In Assigning Guilt in the Huguely Murder Case, Consider the Sins of the Father—and Others

Though George Huguely V is the one going to prison, there are many other people who share in the blame of this tragedy.

Update (02/23): It seems as though George Huguely will spend the next 24 years behind bars in a Virginia state prison. Late Wednesday, a Charlottesville jury found the Chevy Chase native guilty of second-degree murder in the death of his on again, off again, girlfriend, Yeardley Love. Huguely broke into her apartment and battered her in a drunken rage in May 2010,  and left her bleeding on her pillow. Both were 22 and days away from graduating from the University of Virginia. The jury took three hours to sentence Huguely to 26 years. He has already been jailed for two, and Virginia does not allow parole, so it’s likely he will serve 24 more.

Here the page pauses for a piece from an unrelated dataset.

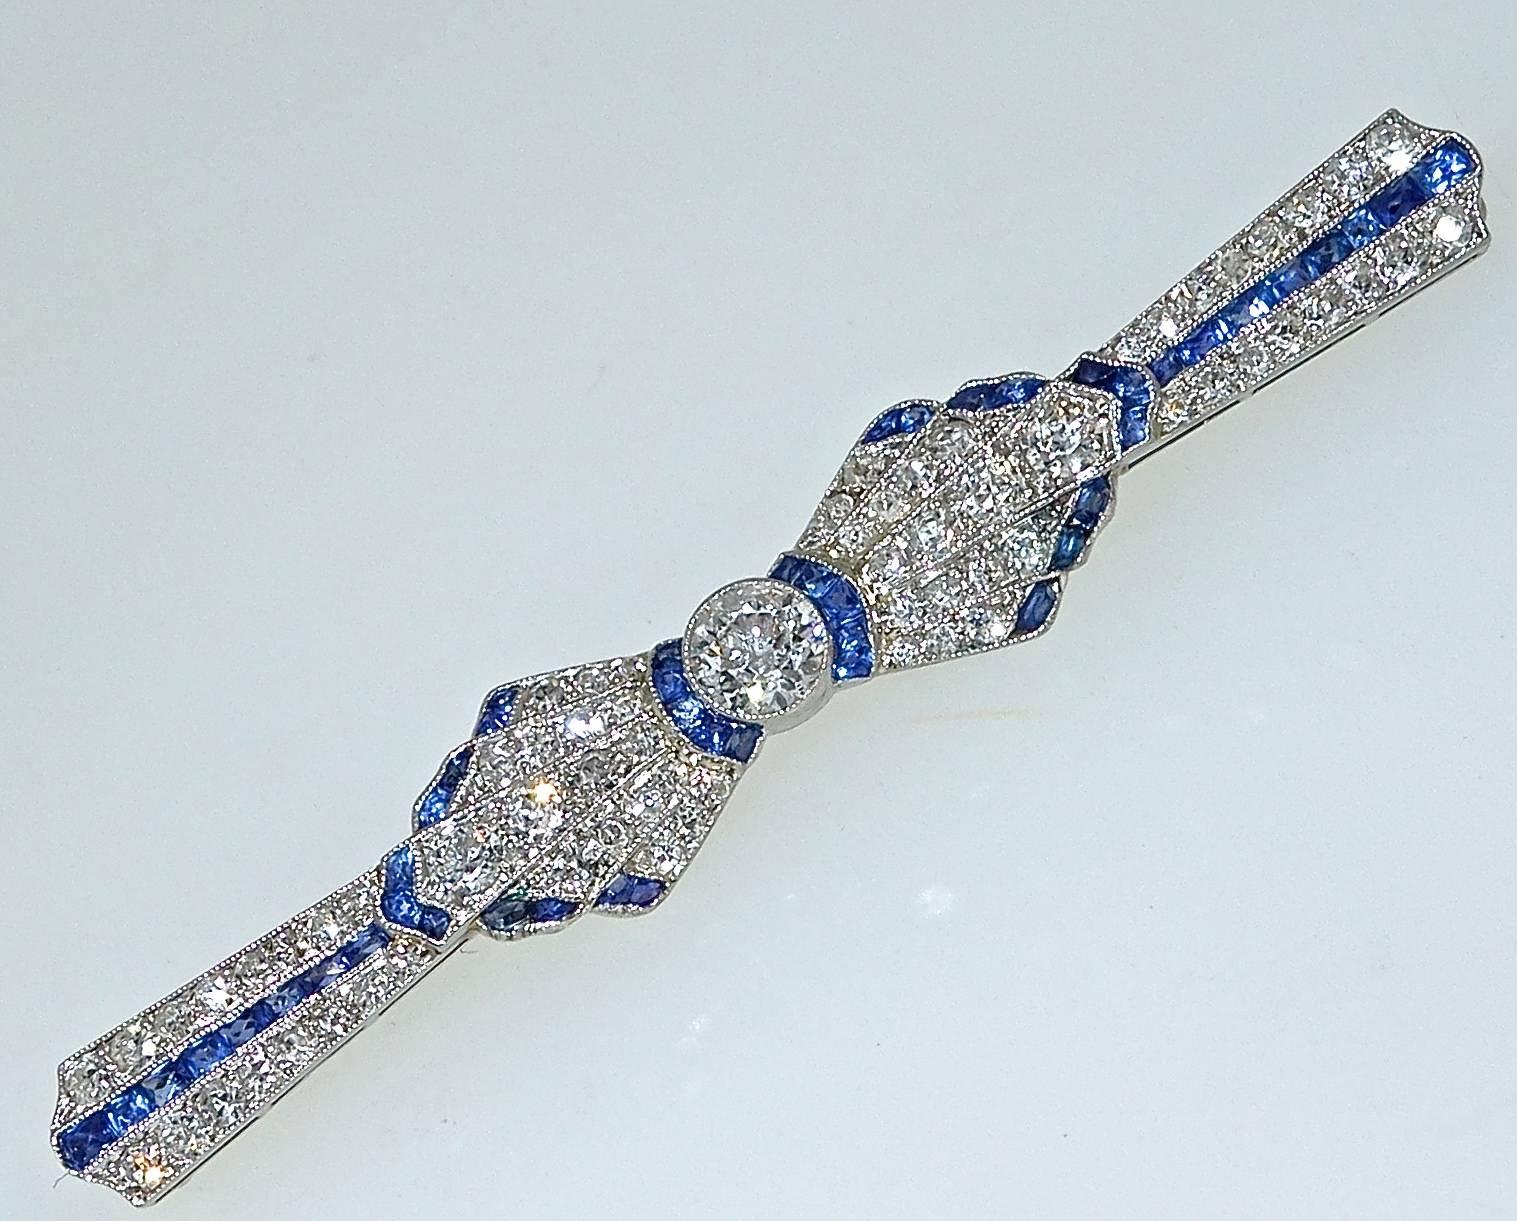 Platinum (with a gold pin stem), this brooch has fine diamonds and fancy cut fine blue sapphires.  The pin is 2.50 inches long and centers a .50 ct old cut diamond.  The 45 French cut fine natural sapphires are a bright blue and weigh approximately

What has become known as the “lacrosse murder,” since both Huguely and Love played for the university’s championship teams, is a tragedy for both families, their friends, and the university. But there’s plenty of guilt weaved in amid the sadness. Keep in mind that on the Sunday before he smashed through Yeardley Love’s door, George V spent the entire day drinking—starting with beer in the morning, then wine at dinner, and more beer into the night. Who was by his side from breakfast through drunken swings at golf balls and that wine at dinner? His father, George Huguely IV. Not one of the teammates or roommates who testified in court mentioned the father admonishing the son. George V was unrestrained—by his father, his friends, his university.

See Also:

George Huguely and Yeardley Love: Love, Death, and Lacrosse

We often liken heart-wrenching tales such as this to Greek tragedies or Shakespearean dramas, but the Huguely story is a truly American tragedy, especially from the perspective of Chevy Chase, Maryland, where I spent months researching a feature for last May’s The Washingtonian.

The Huguely family left Ireland for Washington, DC, in the early 1900s. They settled into the capital city and started selling lumber with the Gallihers, another family of Irish immigrants, in 1916. Lumber from their yards helped build homes and buildings in the burgeoning capital city. The business grew with the city, and the families thrived. Successive generations of Huguelys worked hard and invested well. They went to the best private schools, such as Sidwell Friends and Landon, and the best colleges, such as the University of Pennsylvania and UVA.

Then came George Huguely IV, the father of the young man accused of murder. George IV didn’t go to a great college and didn’t join the family business. His reputation in Washington was that of a party boy. Friends and acquaintances knew him from the bars where he spent his evenings. His marriage to Huguely’s mother, Marta, ended in a nasty divorce. I was able to read the records before they were sealed. In court filings, George IV described himself as broke and said he supported his lavish lifestyle with million-dollar loans from his father, George III, and by liquidating a $450,000 trust left by his grandfather, George Jr.

Marta and George IV fought over custody of George V and his younger sister, Teran. A judge had to order them to not communicate with the children in earshot. George IV agreed to alimony in the divorce settlement, but Marta had to take him to court to force him to pay.

As George V excelled in sports at Landon, an elite private school for boys in Bethesda, and then at the University of Virginia, his father tried to be one of the boys. He went drinking with young George and his buddies. He entertained them on booze-filled trips on his yacht, the Reel Deal. He hung out with them in Charlottesville.

As George V began to drink more beer and play less lacrosse, his father never ordered him to put on the brakes, according to friends of both. Even when George V was arrested in Lexington, Virginia, in 2008 for drunken behavior and resisting arrest, he suffered few consequences from his father.

Why was Huguely allowed to continue playing lacrosse when the team had a rule that drinking and getting arrested must be reported and might result in suspension? Because reporting such events was left to the players, which allowed the coach to look the other way.

Why did the Lexington arrest not get reported to UVA? Because privacy rules prevented sharing of information.

Why did Huguely’s friends and teammates fail to intervene, even when they knew he had assaulted Love in February, weeks before he broke into her room? Why did Love’s friends allow her to suffer the abuse? 

What about Love’s mother, Sharon? Love went home to Cockeysville, Maryland, outside of Baltimore, after Huguely assaulted and choked her in February of 2010. Her mother comforted her but declined to report the attack. What if she had?

In reaction to Love’s death, the university has implored students to intervene to stop drunken or abusive behavior; Virginia has tried to allow police departments to share information; and the athletic department has stiffened requirements for reporting misbehavior. All good intentions.

George Huguely V and Yeardley Love could have been saved from this tragedy if just one person—a parent, a friend, a cop—had had the moral fiber and guts to say no to George. That’s a tragedy.